*Aim of the task*. Would you transcribe the entries below, beginning at the line with "Sufera Print fabric" and ending after the line with "Stylish places for glamping in New England", exactly, with no picture and nothing more?

*Given information*.
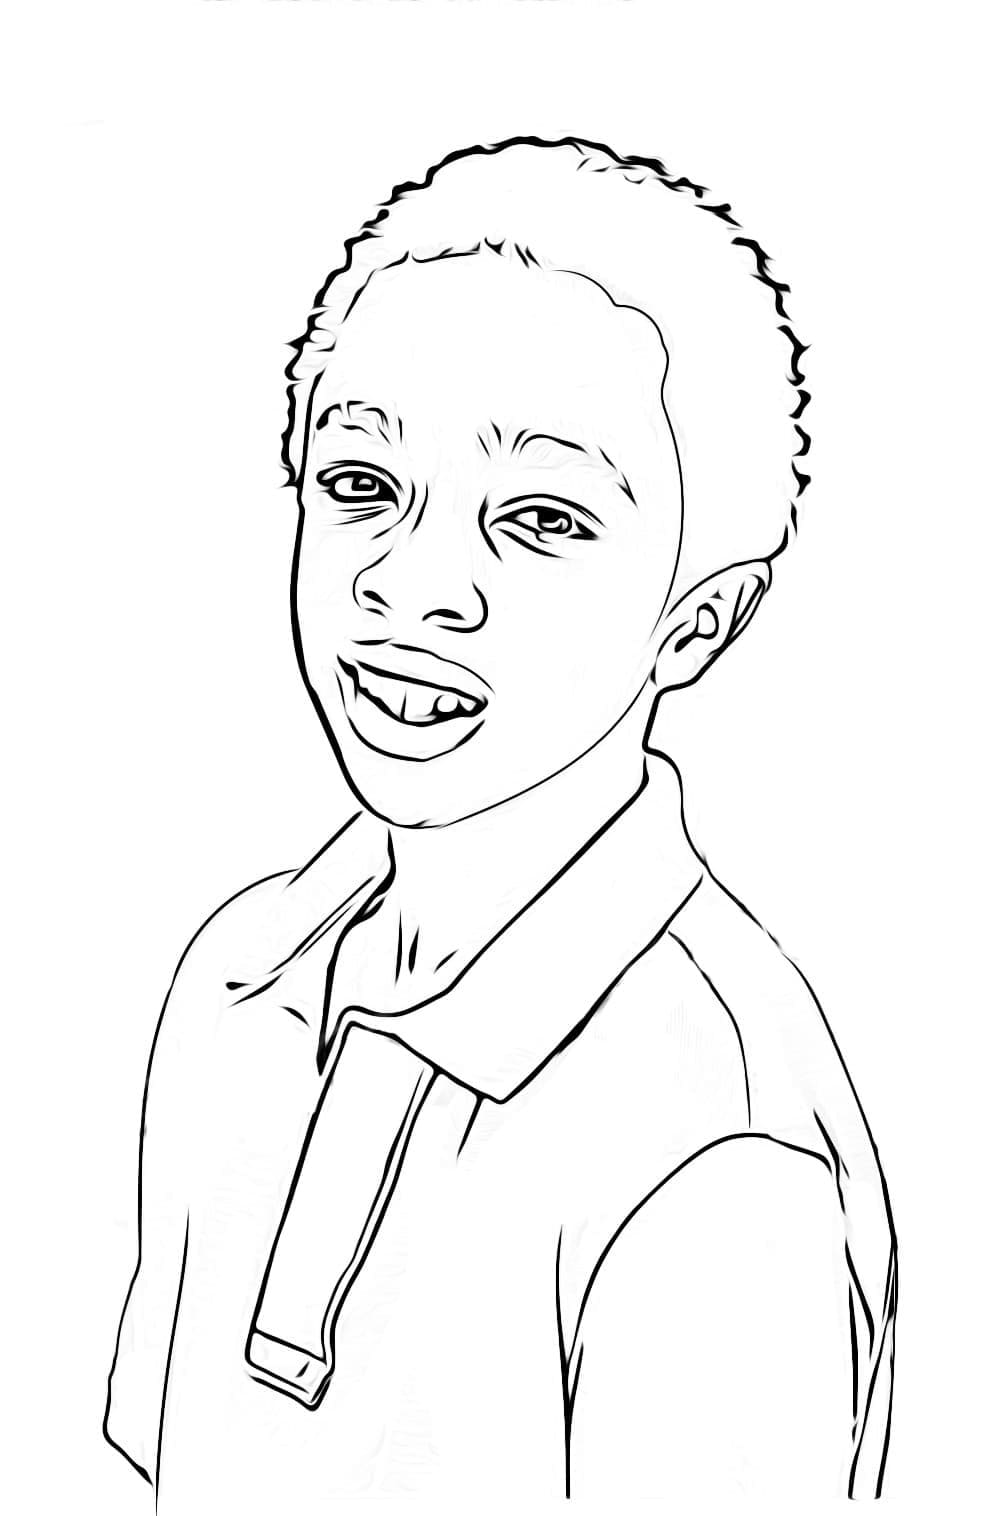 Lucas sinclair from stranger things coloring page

---

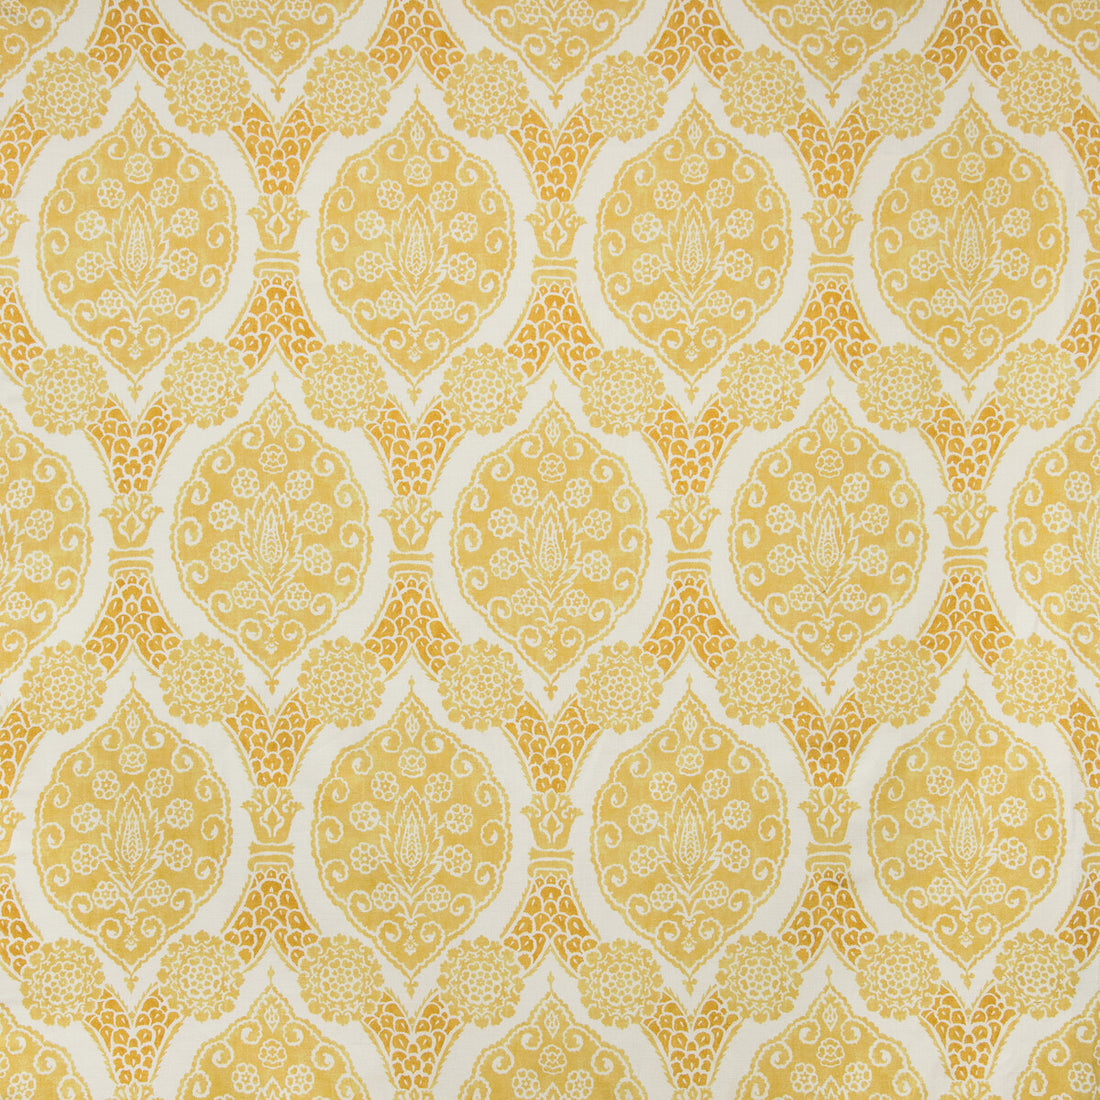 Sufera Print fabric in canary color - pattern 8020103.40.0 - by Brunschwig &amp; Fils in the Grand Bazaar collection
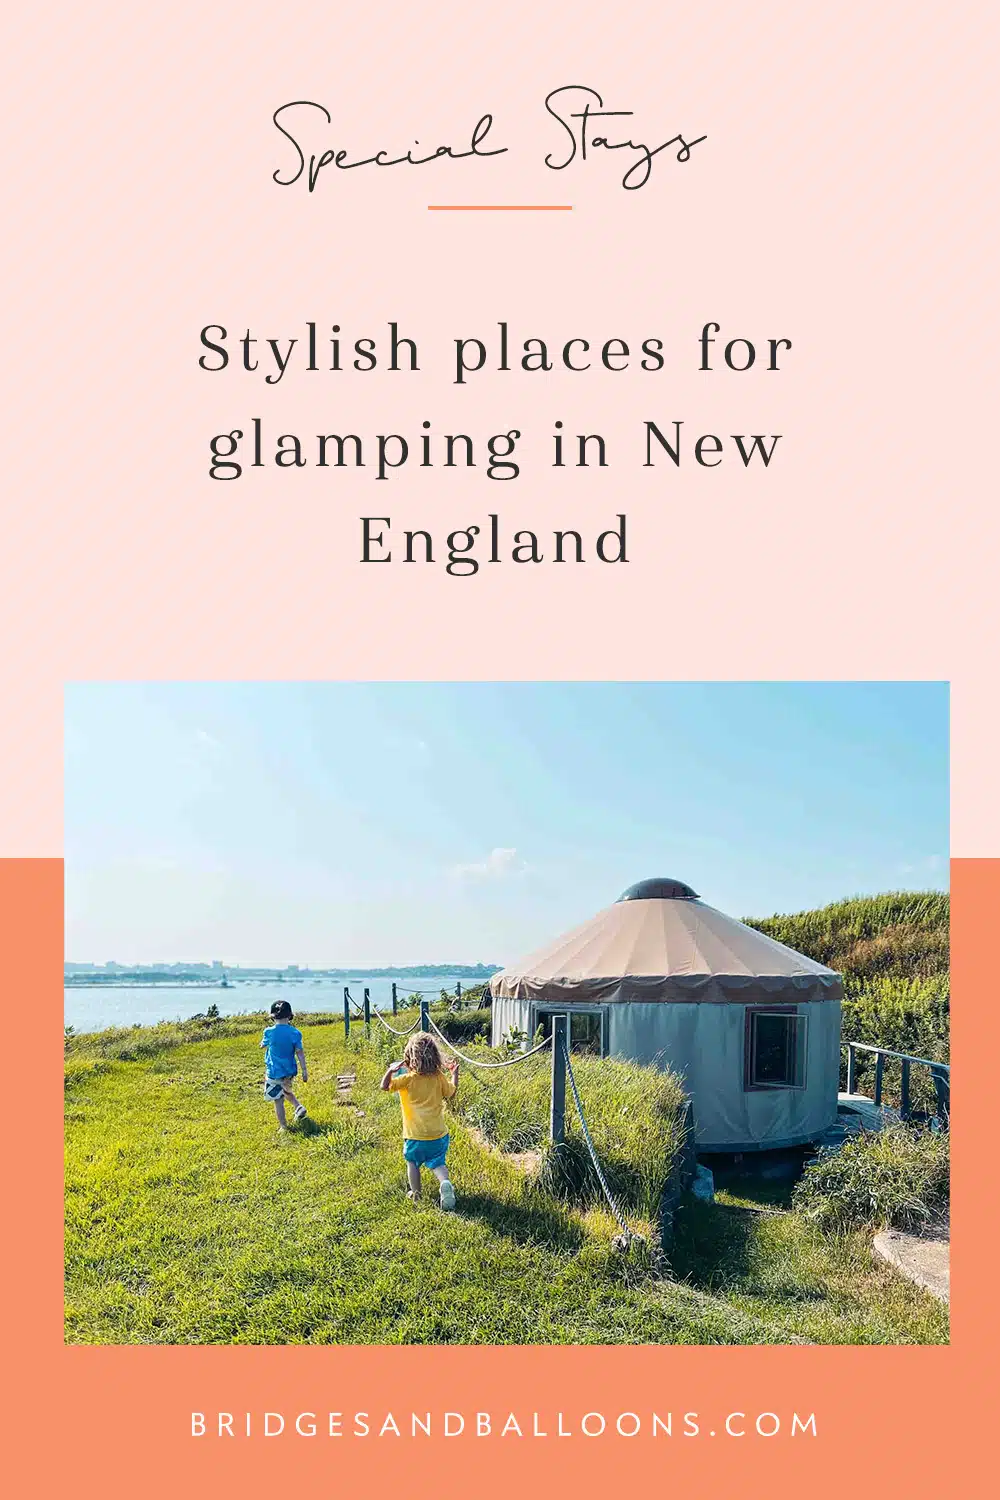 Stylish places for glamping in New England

*Your solution*.
 Sufera Print fabric in canary color - pattern 8020103.40.0 - by Brunschwig &amp; Fils in the Grand Bazaar collection
 Stylish places for glamping in New England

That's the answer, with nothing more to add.